Unified deep learning models for Computer Vision

Project description

UniCV

UniCV is a unified, extensible framework for computer vision models that operate across heterogeneous input and output representations. It wraps state-of-the-art models — depth estimators, Gaussian splat predictors, mesh generators, and more — behind a single, composable VisionModule interface.

Philosophy

Modern computer vision has fragmented into dozens of incompatible APIs: each model ships with its own preprocessing, its own output format, and its own integration burden.

The architecture and design philosophy of UniCV is inspired by modular deep learning ecosystems such as pytorch and HuggingFace's transformers, as well as recent efforts toward foundation models and generalist perception systems in computer vision. Rather than prescribing fixed pipelines (e.g. RGB → Depth or RGB → Mesh), UniCV abstracts vision algorithms as composable transformations between representation spaces.

The core abstraction of UniCV is VisionModule, which defines a standardized interface for mapping any combination of visual input modalities to any combination of output modalities. These modalities include, but are not limited to:

RGB images
Depth maps
Point clouds
Meshes
Gaussian splats and other implicit or semi-implicit scene representations

Concrete vision algorithms—such as monocular depth estimation, RGB-to-point-cloud reconstruction, or RGB-D refinement—are implemented as subclasses of this abstract interface.

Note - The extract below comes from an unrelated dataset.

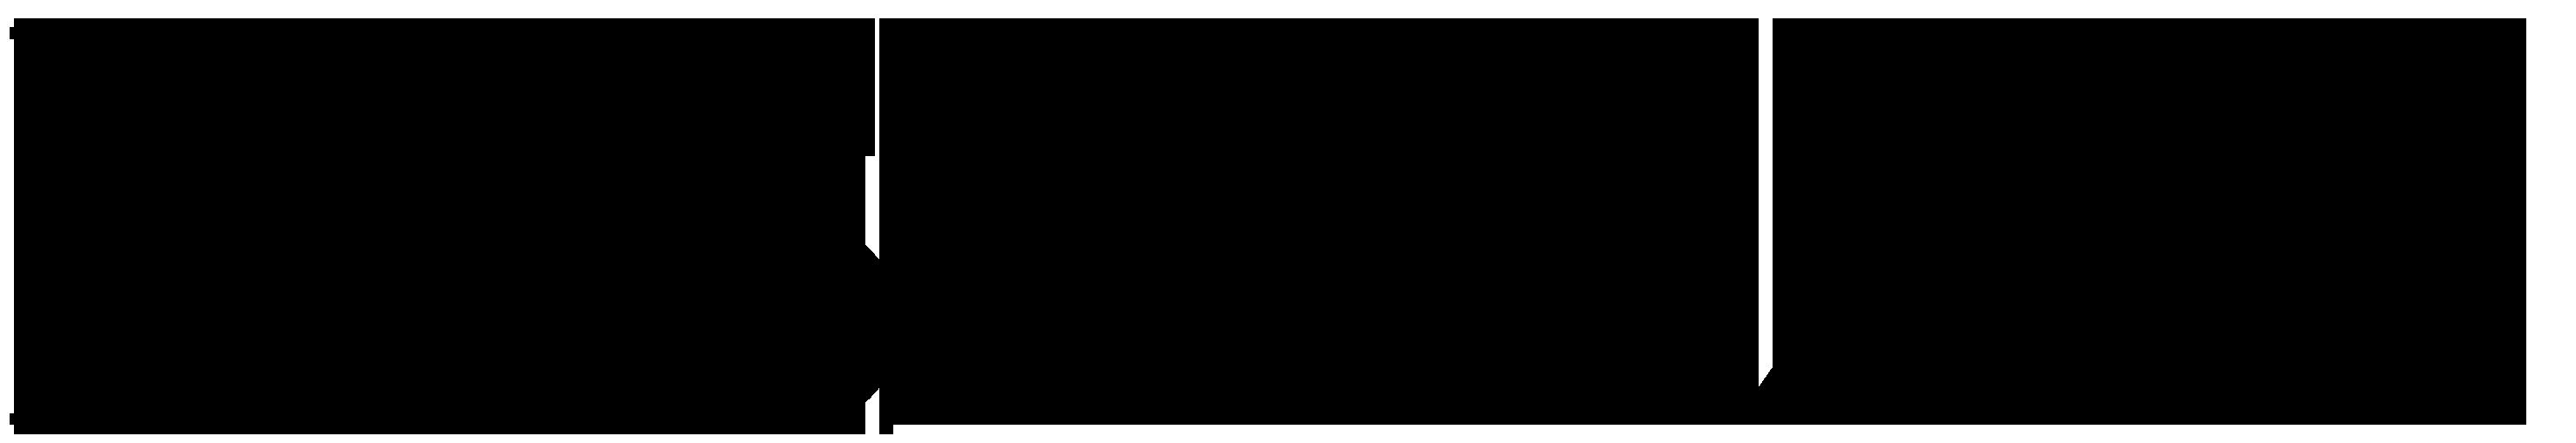 Bildresultat för bisazza logo png

Existing models available online (e.g. DepthPro, MiDaS, CDM, or point-cloud reconstruction networks) can be redefined within this framework without altering their internal logic, allowing them to be seamlessly integrated into a shared system.

UniCV is hence designed to accommodate the full spectrum of modern 3D perception: classical CNNs, ViT-based backbones, implicit neural representations, Gaussian splatting, and diffusion-based generation.

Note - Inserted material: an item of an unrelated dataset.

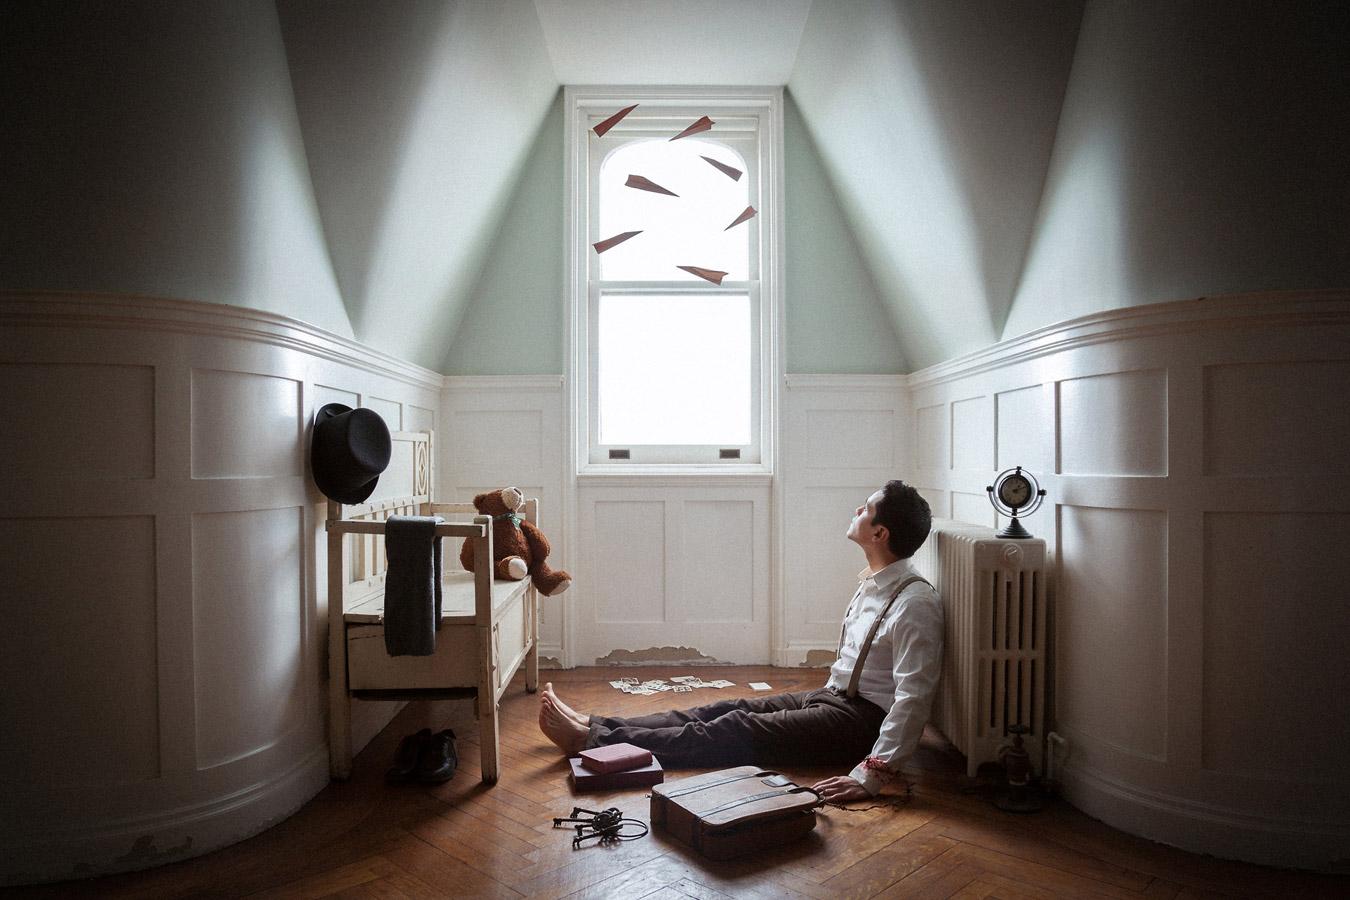 Рафаэль Инфанте / Rafael Infante, США, 3-е место в категории «Концепт», Фотоконкурс «Художественная фотография» — Fine Art Photography Awards

This abstraction enables UniCV to decouple input modality, latent processing, and output representation, encouraging reuse, composition, and extension of vision algorithms. Models may share encoders, latent spaces, or decoders, and can be combined or chained to support progressive or multi-stage reconstruction pipelines.

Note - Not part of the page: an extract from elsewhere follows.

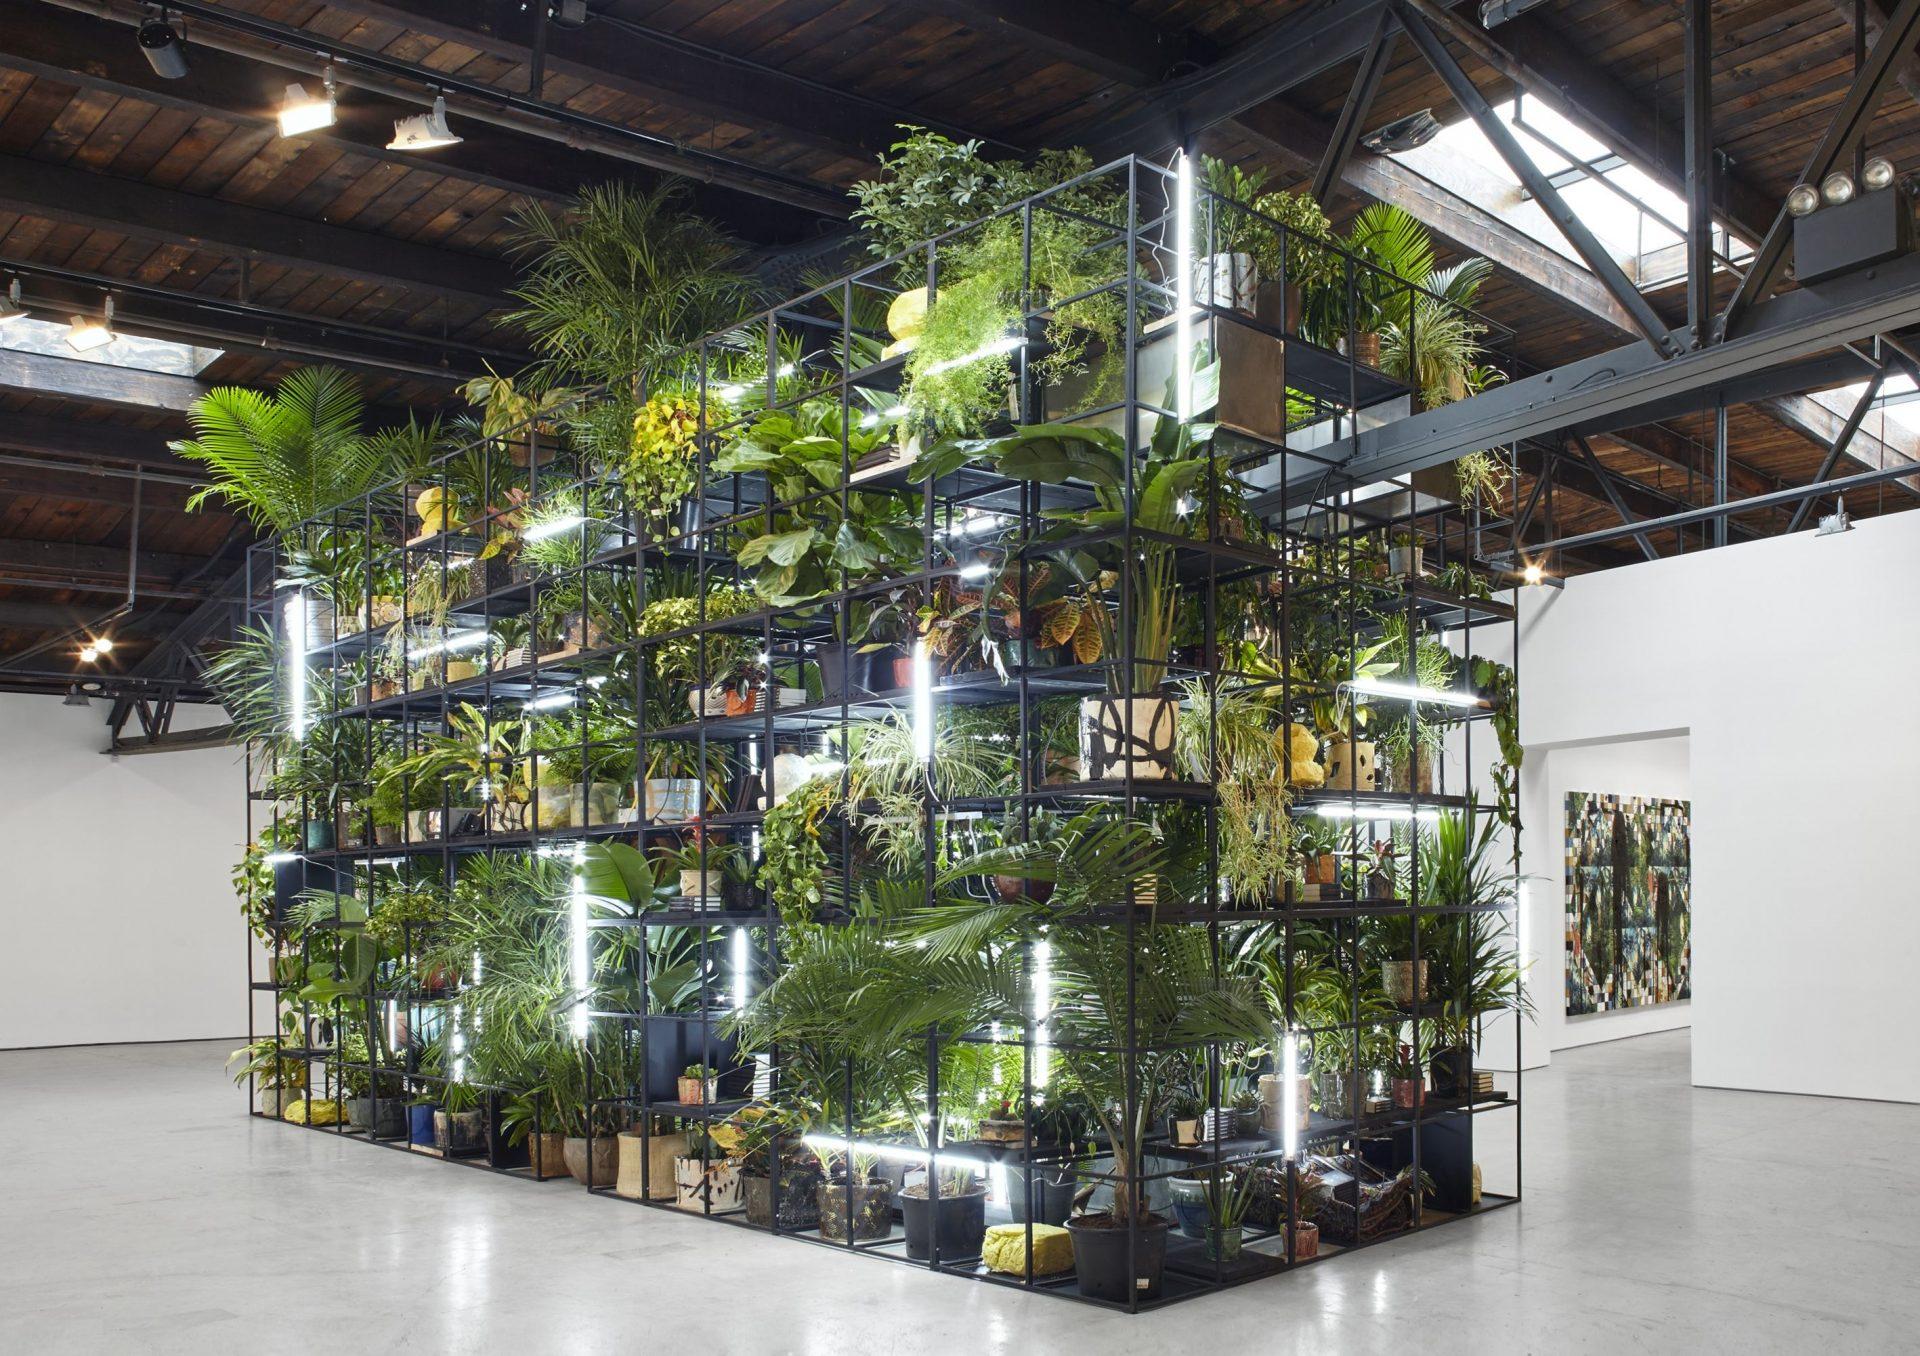 Rashid plants

The conceptual motivation for UniCV is closely aligned with the emergence of foundation models for perception, where a single system is expected to reason across tasks, representations, and data sources. By enforcing a common interface at the representation level, UniCV facilitates cross-representation supervision, multi-task learning, and interoperability between otherwise incompatible vision methods.

Motivation

UniCV aims to support vision systems that are:

Modality-agnostic, capable of ingesting arbitrary combinations of visual inputs (e.g. RGB, depth, point clouds) without architectural redesign.
Representation-agnostic, able to emit multiple scene representations from a shared latent abstraction.
Algorithm-agnostic, allowing existing and future computer vision models to be wrapped, extended, or replaced under a common interface.
Composable, enabling complex pipelines to be constructed by chaining or jointly training multiple VisionModule-based modules.
Extensible, supporting both classical CV algorithms and modern deep learning approaches, including implicit scene representations and neural rendering techniques.
Foundation-ready, serving as an architectural substrate for training large, generalist vision models capable of cross-task and cross-representation transfer.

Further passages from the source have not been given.